What does the world look like (wealth and health) over the past 200 years, but squeezed into 4 minutes. Hans Rosling looks at the change in a income and life expectancy for countries across the world over the past 200 years. What’s nice about this visualization is that it’s color coded to be able to show how different regions changed over time. We can also see how globalization has affected major countries like China, Japan, and India.
This clips includes a few different economics concepts rolled in to one. The overarching theme is that of consumer choice where Homer appears to experience diminishing returns while trying to eat a 16 pound steak. He’s competing against a previous eating contest winner, who dies at the end from eating too much steak.
In the middle of the clip, Marge asks Dr. Hibbert if that much steak is healthy and Dr. Hibbert exhibits a bit of the principle-agent problem where his interests now align with eating competitions because he owns a portion of the restaurant. The good doctor tells her not to worry because they have a new heimlich machine, which decreases their need to focus on choking hazards.
Homer forgets its Valentine’s Day so he has to rush off to the Kwik-E-Mart to pick up a last minute gift. Seeing that Home is desperate, Apu takes the chance to raise the price on a box of chocolates to $100. Despite Homer’s annoyance, he pays the higher price because he knows he’ll be in trouble if he comes back empty handed. After threatening never to shop their again, Apu offers him a discount on other products to keep him from shopping next door.
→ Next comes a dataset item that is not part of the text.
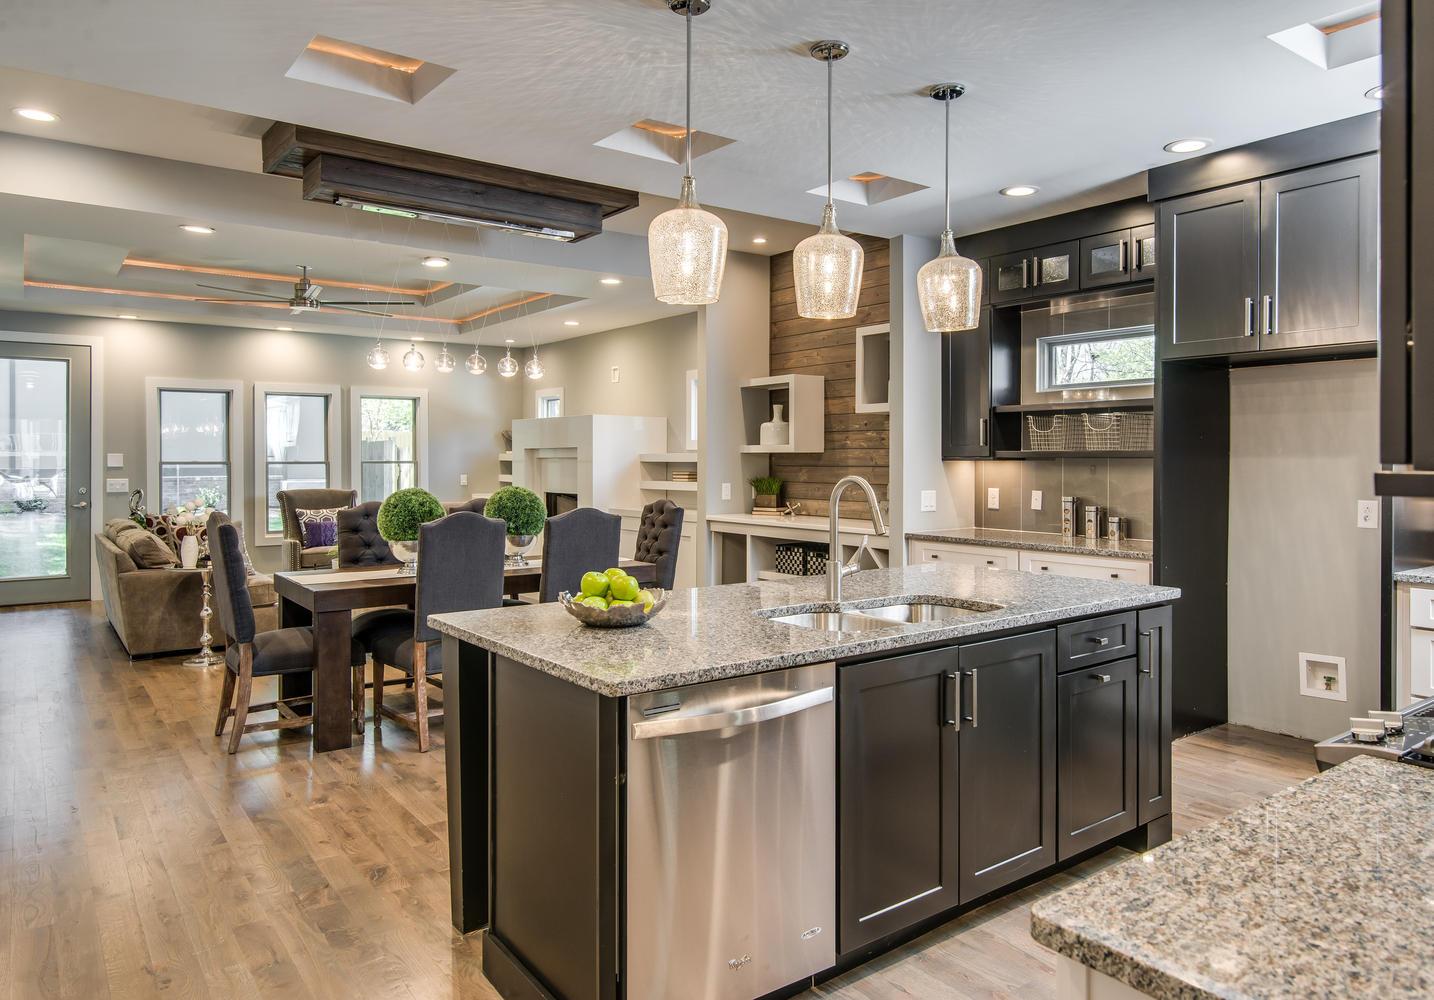 House-Plans-Online-Duplex-Nashville-Peggy-Newman-Kitchen-Family-1613.jpg

The crew of Apollo 13 is stuck in orbit around the moon and the NASA crew on the ground is trying to figure out how to get the astronauts home alive. Faced with only the tools in space and a limited time window, the engineers must use every available item at their disposal to maximize the amount of time before reentry to Earth’s atmosphere. This clip is a nice introduction to the idea of consumer choice, budget constraints, and utility maximization. All resources must be used in the model and their is no value to saving anything. The goal is to earn as much utility as possible given the budget constraint. The same issue faced the NASA engineers: they had to use all available resources, there was no benefit to saving items for next time, and they had to maximize the time/oxygen/energy for the astronauts.
My students favorite clip when discussing product differentiation is this clip from MedicoreFilms where a guy offers Deluxe Hugs for $2 more. One of his opening lines best illustrates the concept of monopolistic competition:
Deluxe guy: How’s businesses?
Free guy: Mine are free, this isn’t a business.
Deluxe guy: Different people want different stuff, so it’s cool.
Businesses can differentiate their products by quality, style, location, etc. The guy offering deluxe hugs is trying to fill a portion of the market from people willing to pay more for “better” hugs.
This commercial is a great opening piece to talk about the differences between equity and efficiency. While both young girls are better off that before (efficiency improvements), they are not relatively better off because one is getting an actual pony (equity issues). One of the hard portions of this concept is to think about this issue as a true tradeoffs that efficiency gains often come at the cost of decreased equity. This increase in inequality between the two girls may be a nice, short way of demonstrating that tradeoff.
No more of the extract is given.